For estimating the local average treatment effect under the monotone instrument assumption, there is a double-machine learning approach that works with generic supervised learning approaches. Here, we want an estimator $\hat{\tau}^{\mathrm{LATE}}$ for the parameter
$$
\tau^{\mathrm{LATE}}=\frac{\mathbb{E}[\mathbb{E}[Y \mid X, Z=1]-\mathbb{E}[Y \mid X, Z=0]]}{\mathbb{E}[\mathrm{P}(A=1 \mid X, Z=1)-\mathrm{P}(A=1 \mid X, Z=0)]}
$$
To define the estimator, it's convenient to introduce some additional notation.
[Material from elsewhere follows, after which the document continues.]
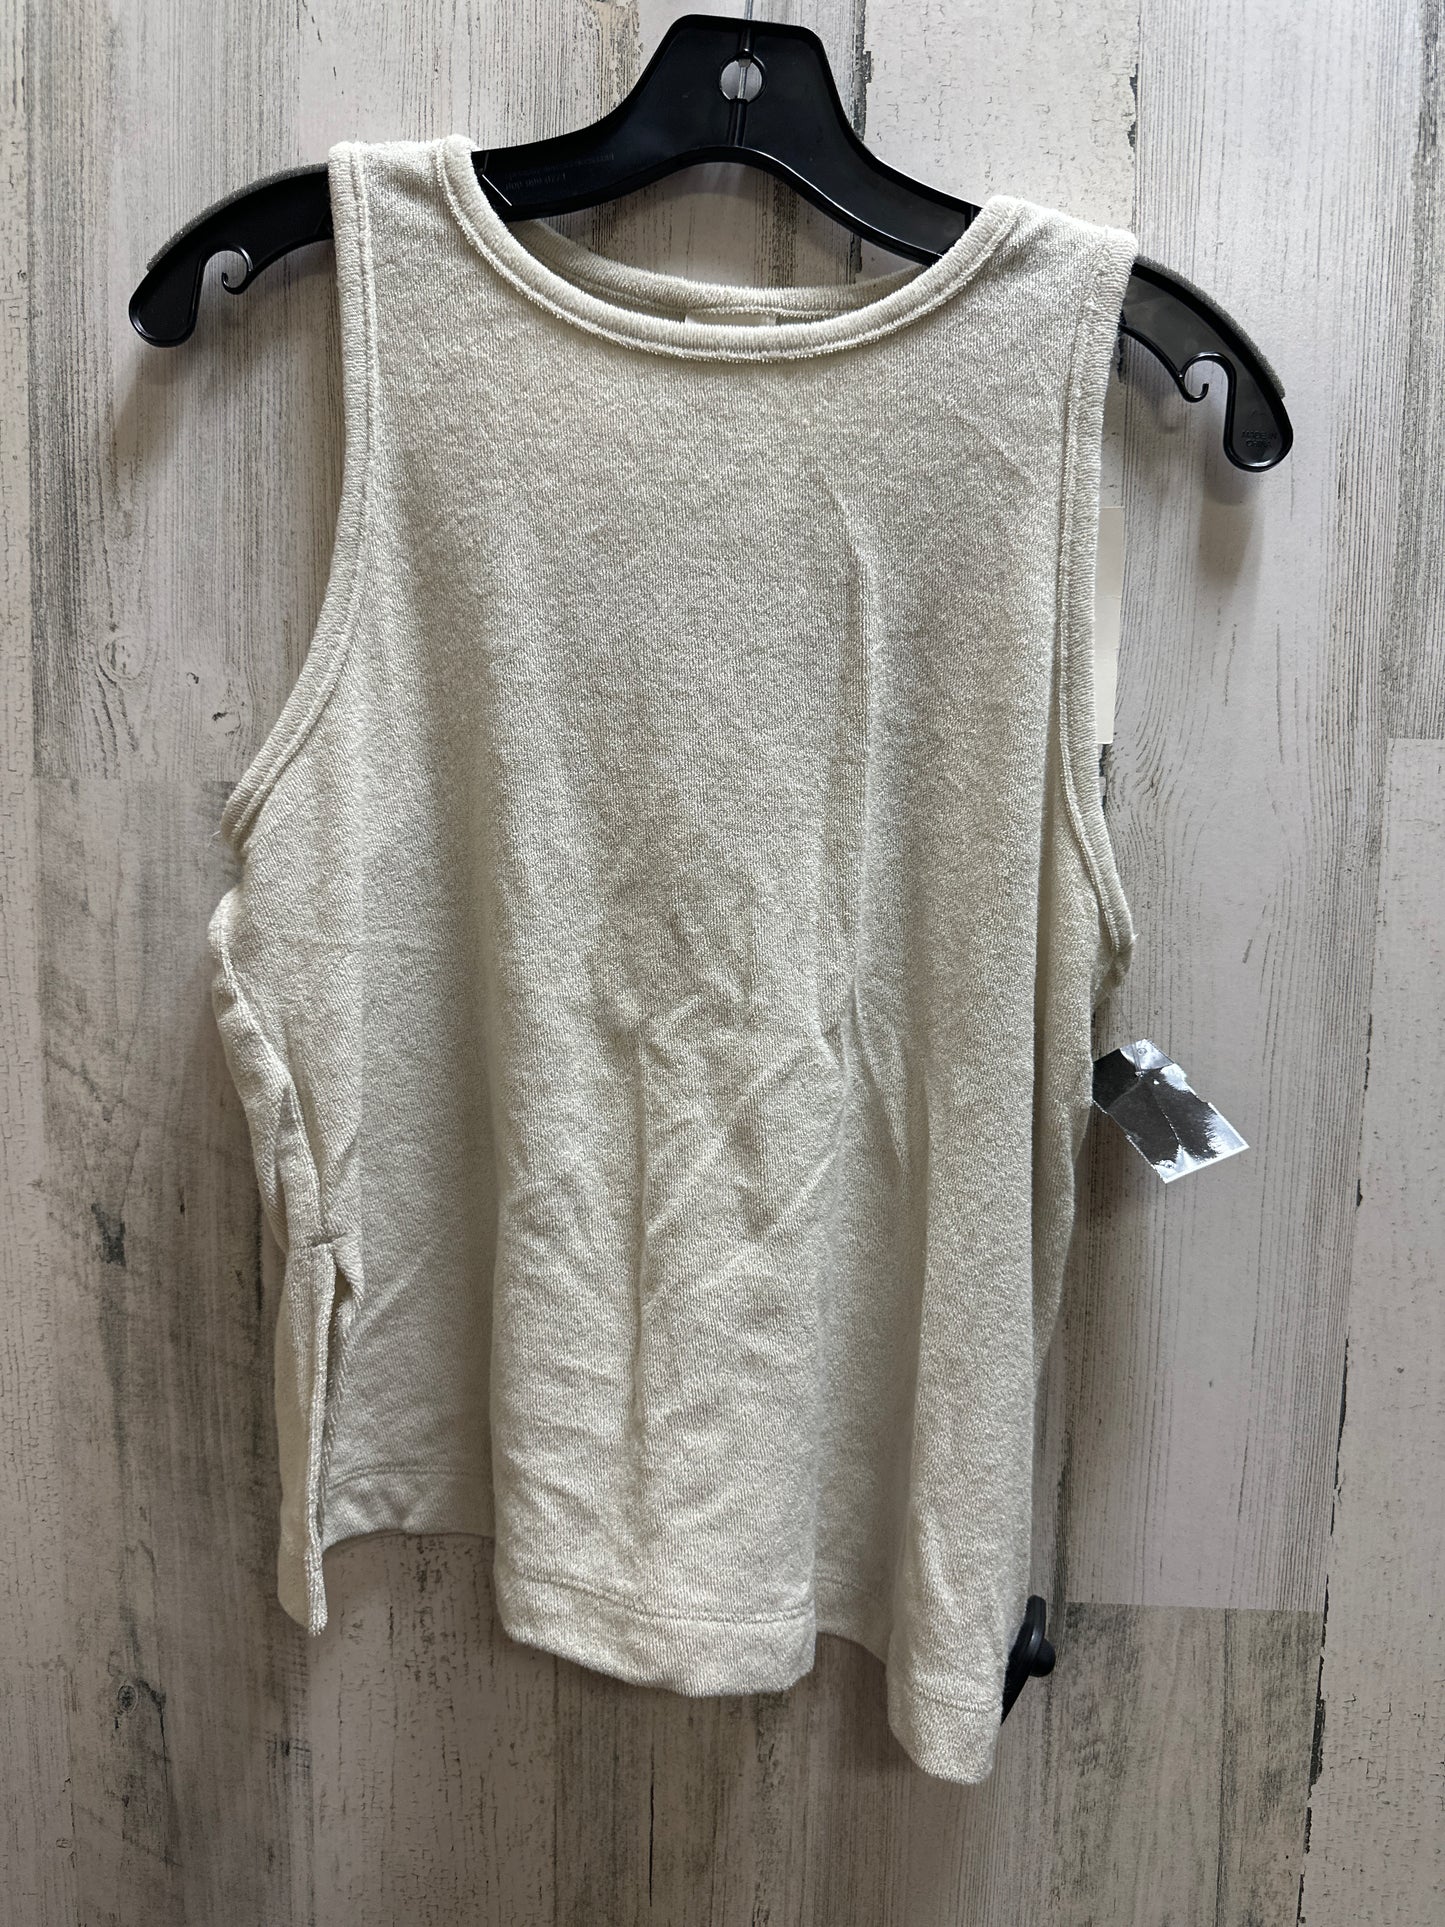 Tan Top Sleeveless A New Day, Size S

First, we define the nuisance functions:
$$
\begin{aligned}
\mu(z, x) & =\mathbb{E}[Y \mid z, x] \\
m(z, x) & =\mathrm{P}(A=1 \mid x, z) \\
p(x) & =\mathrm{P}(Z=1 \mid x) .
\end{aligned}
$$
We also define the score $\phi$ by:
$$
\begin{aligned}
& \phi_{Z \rightarrow Y}(\mathbf{X} ; \mu, p) \triangleq \mu(1, X)-\mu(0, X)+\frac{Z(Y-\mu(1, X))}{p(X)}-\frac{(1-Z)(Y-\mu(0, X))}{1-p(X)} \\
& \phi_{Z \rightarrow A}(\mathbf{X} ; m, p) \triangleq m(1, X)-m(0, X)+\frac{Z(A-m(1, X))}{p(X)}-\frac{(1-Z)(A-m(0, X))}{1-p(X)} \\
& \phi(\mathbf{X} ; \mu, m, p, \tau) \triangleq \phi_{Z \rightarrow Y}(\mathbf{X} ; \mu, p)-\phi_{Z \rightarrow A}(\mathbf{X} ; m, p) \times \tau
\end{aligned}
$$
Then, the estimator is defined by a two stage procedure:
1. Fit models $\hat{\mu}, \hat{m}, \hat{p}$ for each of $\mu, m, p$ (using supervised machine learning).
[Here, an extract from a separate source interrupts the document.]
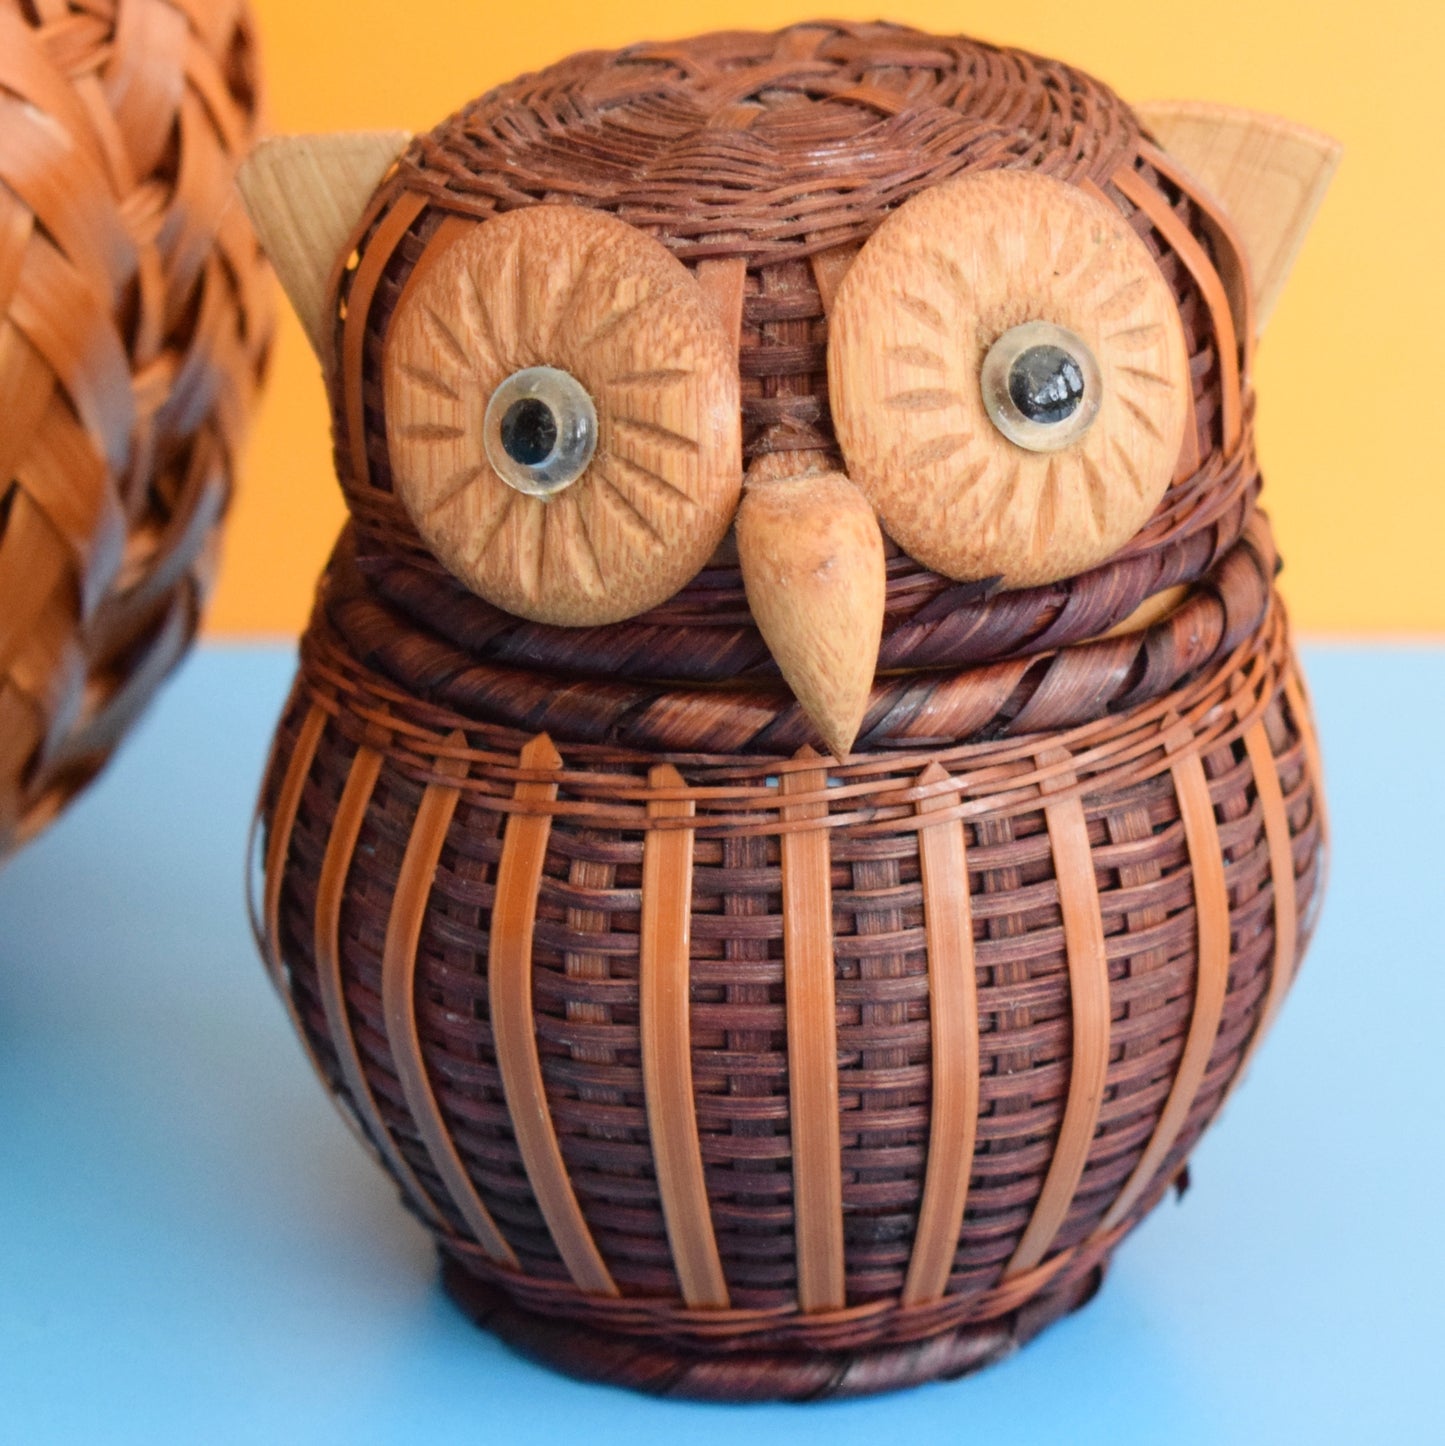 Vintage 1970s Kitsch Owl Shaped Containers

2. Define $\hat{\tau}^{\mathrm{LATE}}$ as the solution to $\frac{1}{n} \sum_i \phi\left(\mathbf{X}_i ; \hat{\mu}, \hat{m}, \hat{p}, \hat{\tau}^{\mathrm{LATE}}\right)=0$. That is,
$$
\hat{\tau}^{\mathrm{LATE}}=\frac{\frac{1}{n} \sum_i \phi_{Z \rightarrow Y}\left(\mathbf{X}_i ; \hat{\mu}, \hat{p}\right)}{\frac{1}{n} \sum_i \phi_{Z \rightarrow A}\left(\mathbf{X}_i ; \hat{m}, \hat{p}\right)}
$$
It may help intuitions to notice that the double machine learning estimator of the LATE is effectively the double machine learning estimator of of the average treatment effect of $Z$ on $Y$ divided by the double machine learning estimator of the average treatment effect of $Z$ on $A$.
The nuisance functions can be estimated by:
1. fit a model $\hat{\mu}$ that predicts $Y$ from $Z, X$ by minimizing mean square error
2. fit a model $\hat{m}$ that predicts $A$ from $Z, X$ by minimizing mean cross-entropy
3. fit a model $\hat{p}$ that predicts $Z$ from $X$ by minimizing mean cross-entropy.